DIRECTIONS FOR THIS TASK →
In the entries below, begin at the line that has "Ballerine danse sur" and stop after the line that has "二手3吨双效蒸发器便宜处理 二手蒸发器,二手不锈钢蒸发器"; output those lines exactly, leaving out pictures.

RECORDS PROVIDED →
^^^^^^^^^^^^^^^^

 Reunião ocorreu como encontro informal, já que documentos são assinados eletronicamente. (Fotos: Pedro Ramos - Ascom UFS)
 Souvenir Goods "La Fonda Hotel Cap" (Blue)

^^^^^^^^^^^^^^^^

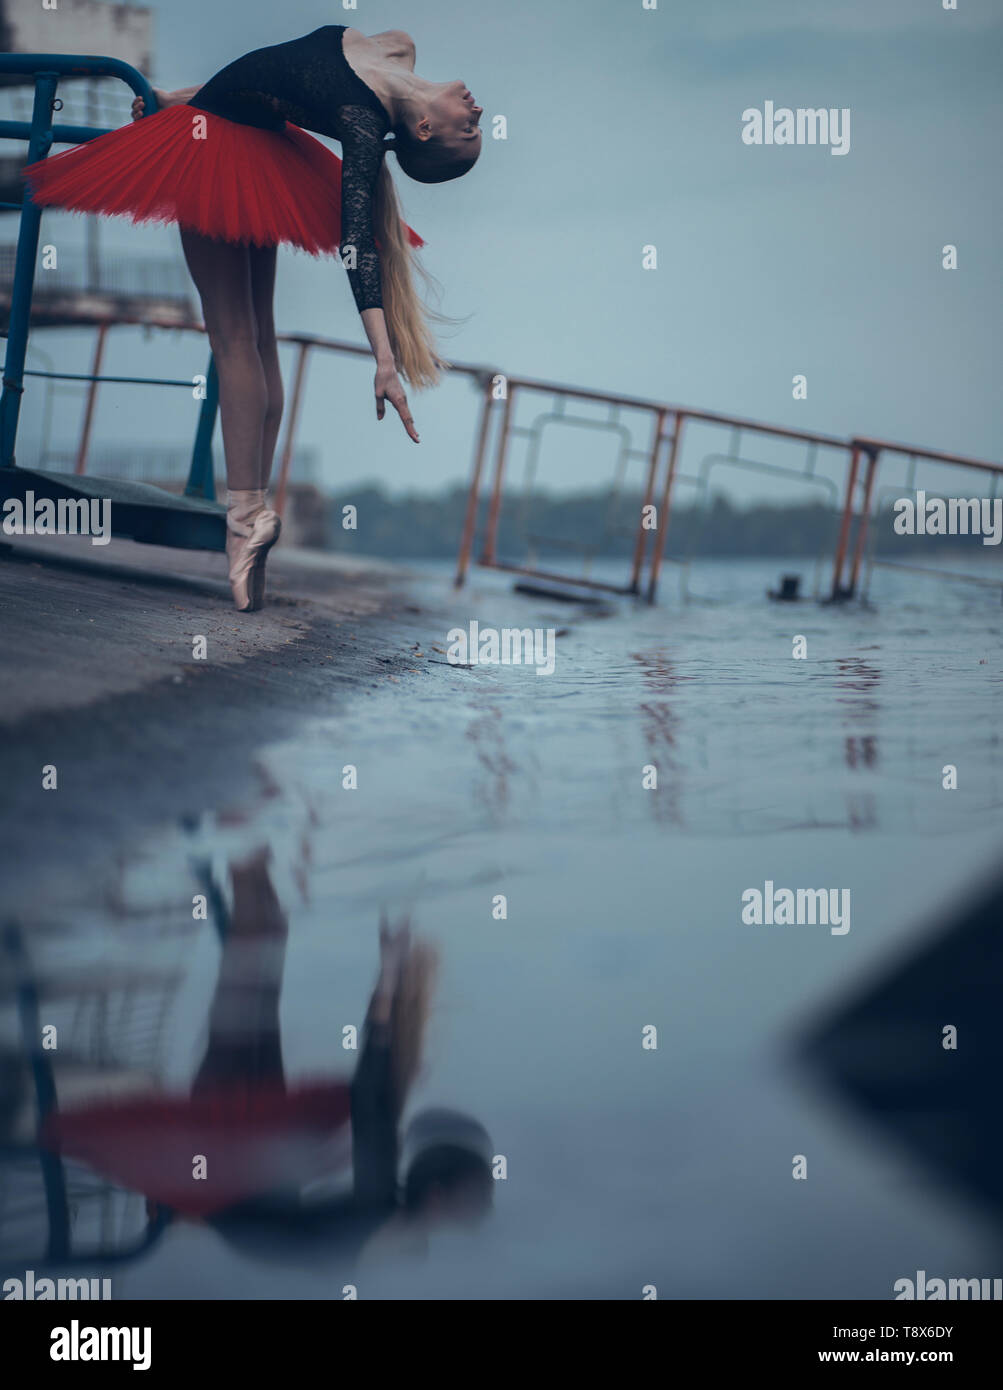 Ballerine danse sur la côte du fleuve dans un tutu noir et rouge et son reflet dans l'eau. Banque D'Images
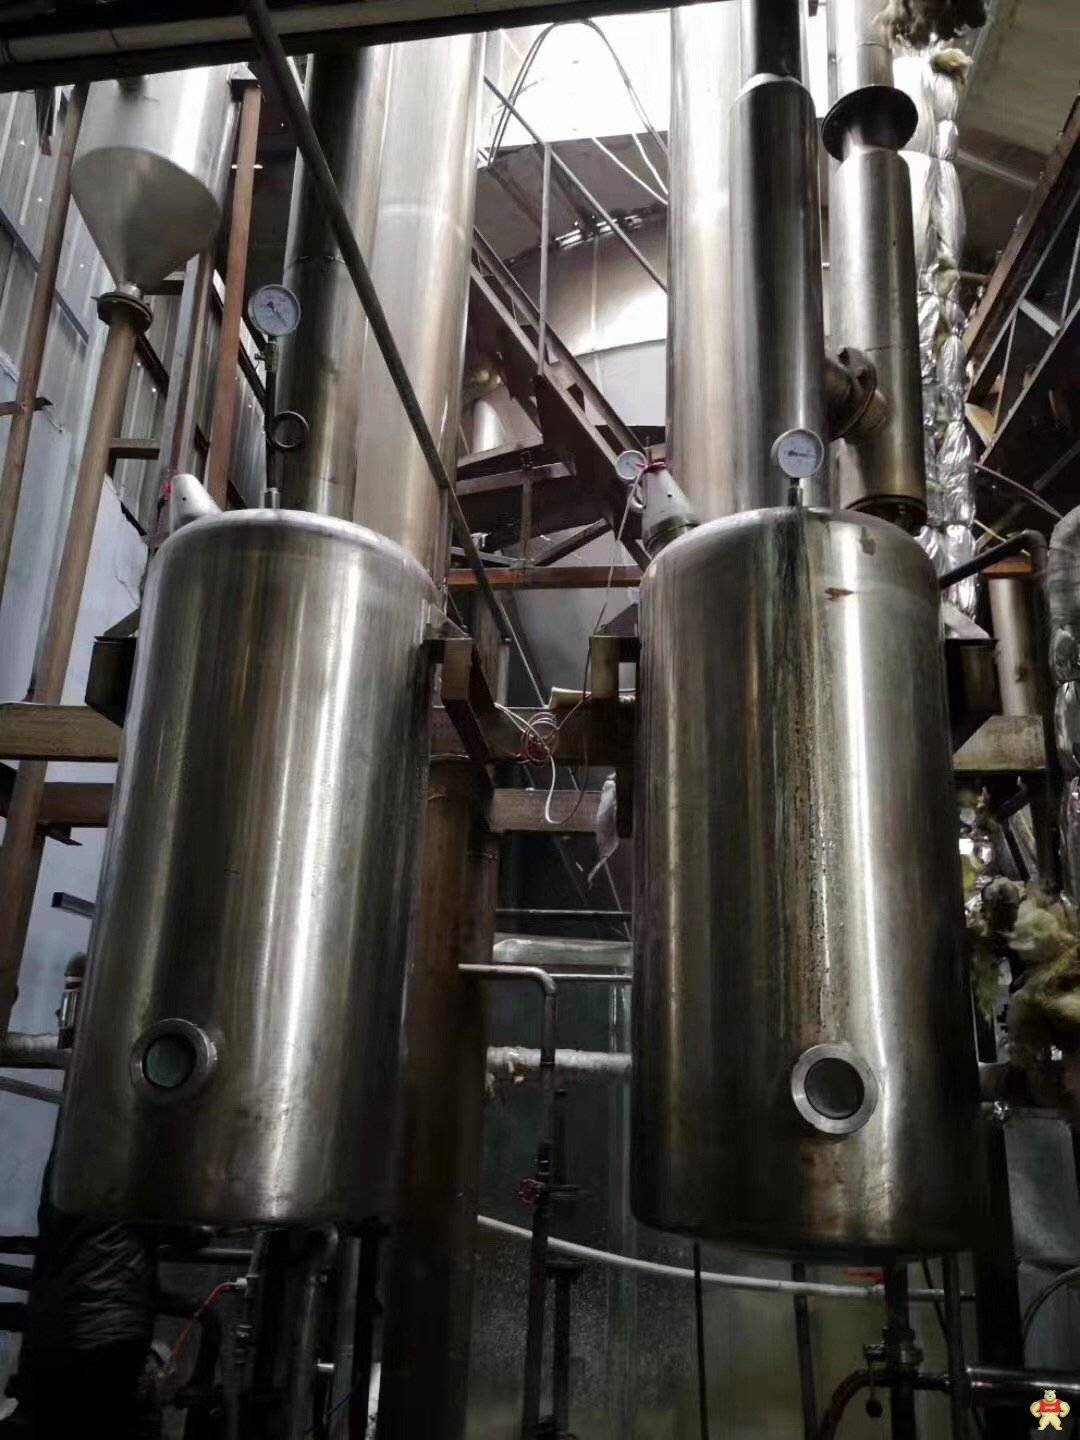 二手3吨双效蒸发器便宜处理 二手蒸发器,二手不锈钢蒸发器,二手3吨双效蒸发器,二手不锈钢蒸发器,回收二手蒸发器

^^^^^^^^^^^^^^^^

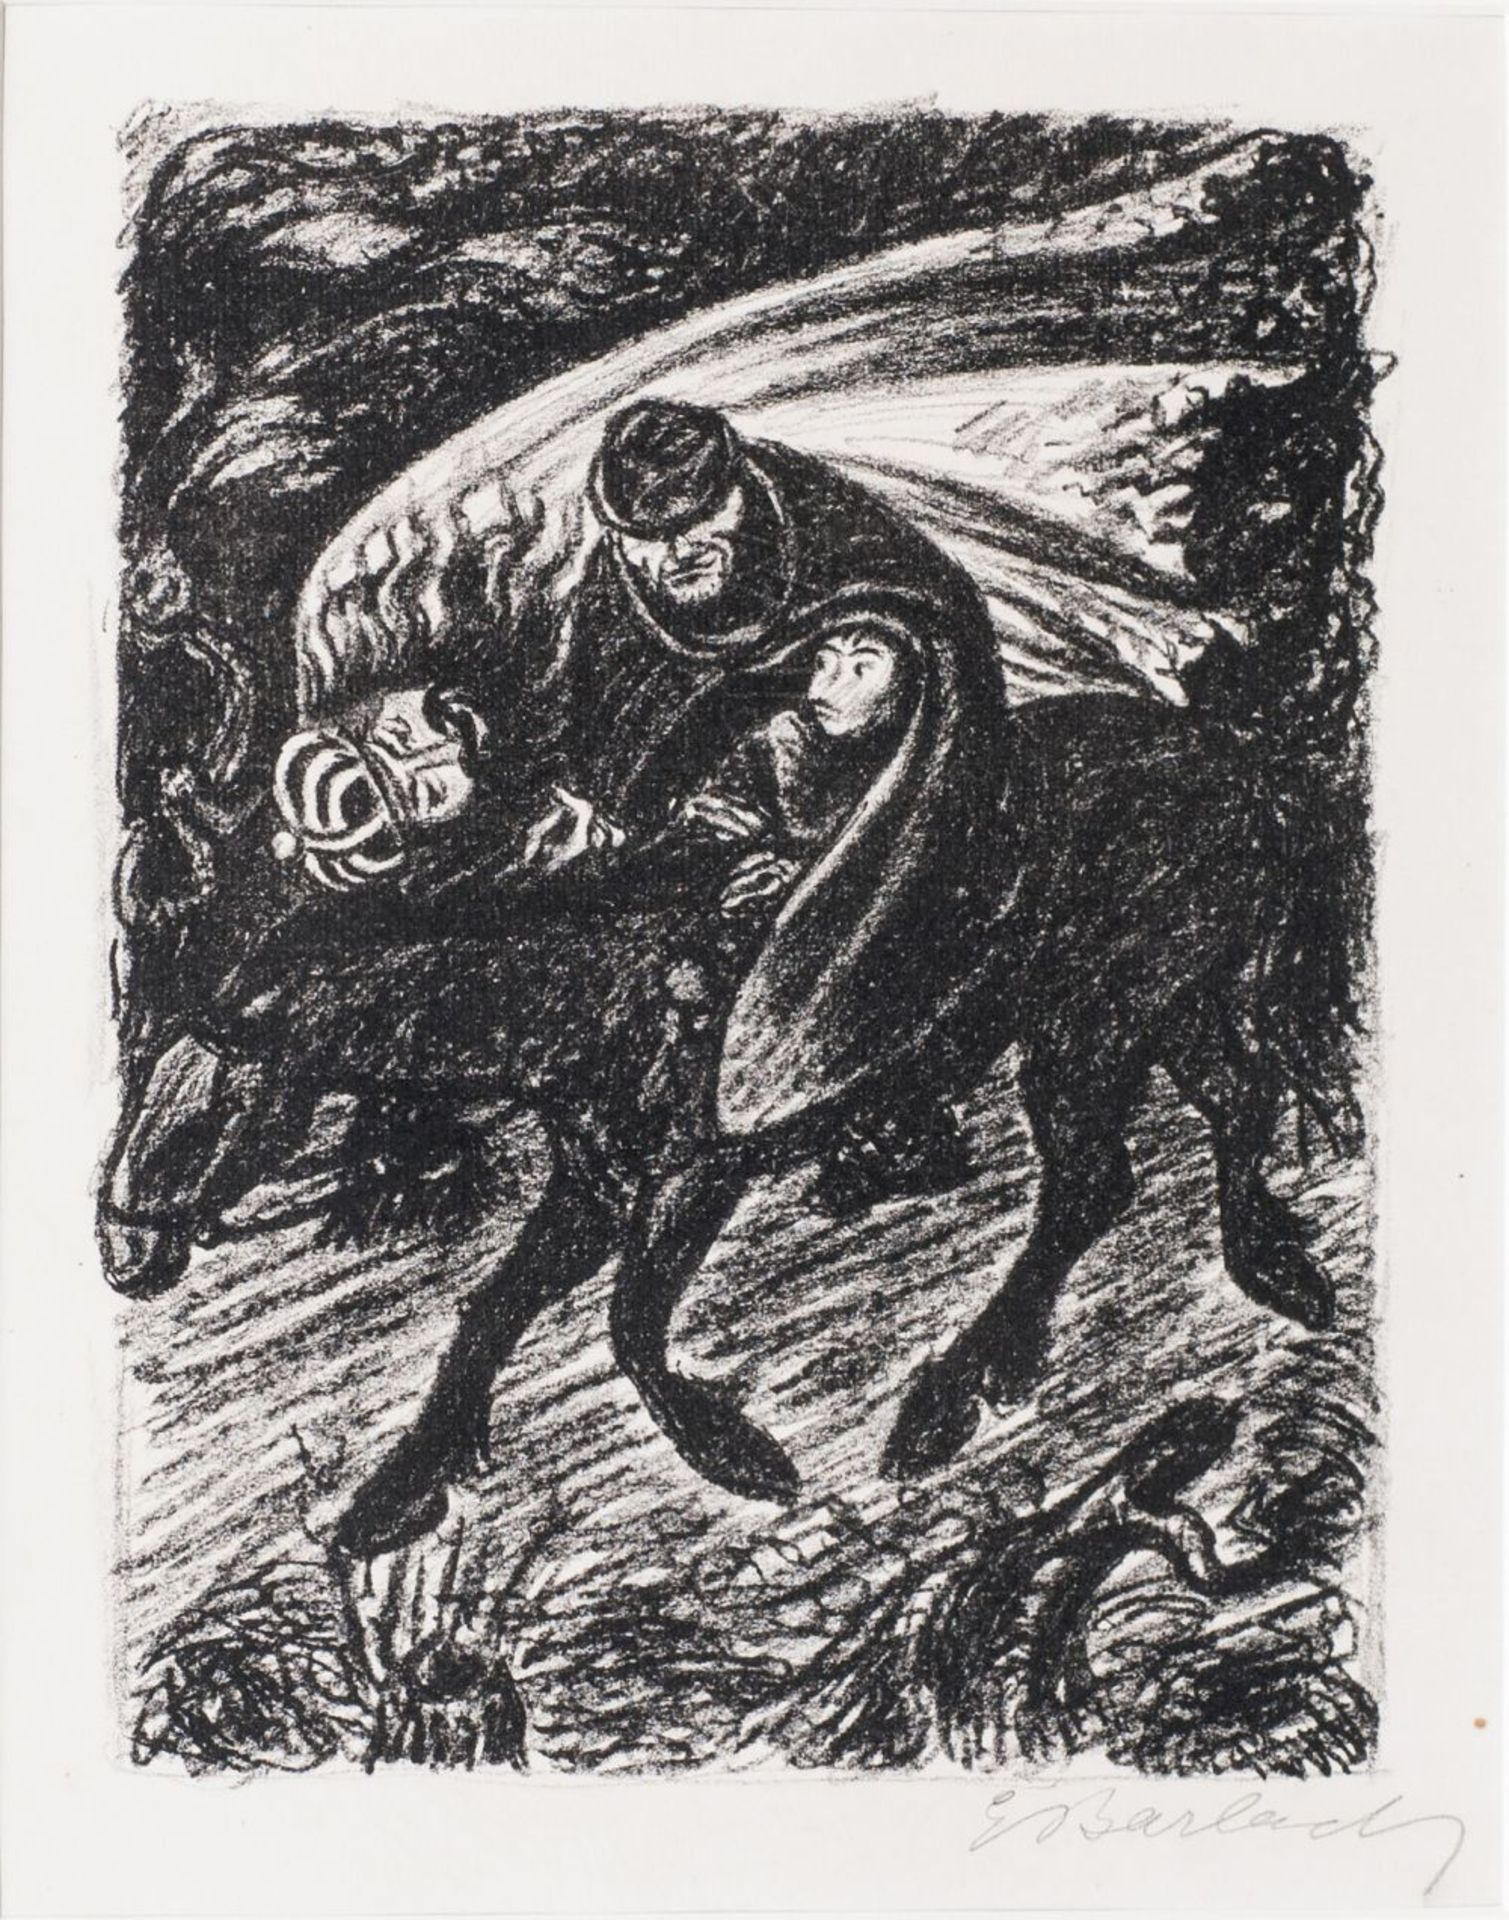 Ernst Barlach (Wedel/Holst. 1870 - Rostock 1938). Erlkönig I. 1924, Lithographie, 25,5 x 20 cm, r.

^^^^^^^^^^^^^^^^

ANSWER TO THIS TASK →
 Ballerine danse sur la côte du fleuve dans un tutu noir et rouge et son reflet dans l'eau. Banque D'Images
 二手3吨双效蒸发器便宜处理 二手蒸发器,二手不锈钢蒸发器,二手3吨双效蒸发器,二手不锈钢蒸发器,回收二手蒸发器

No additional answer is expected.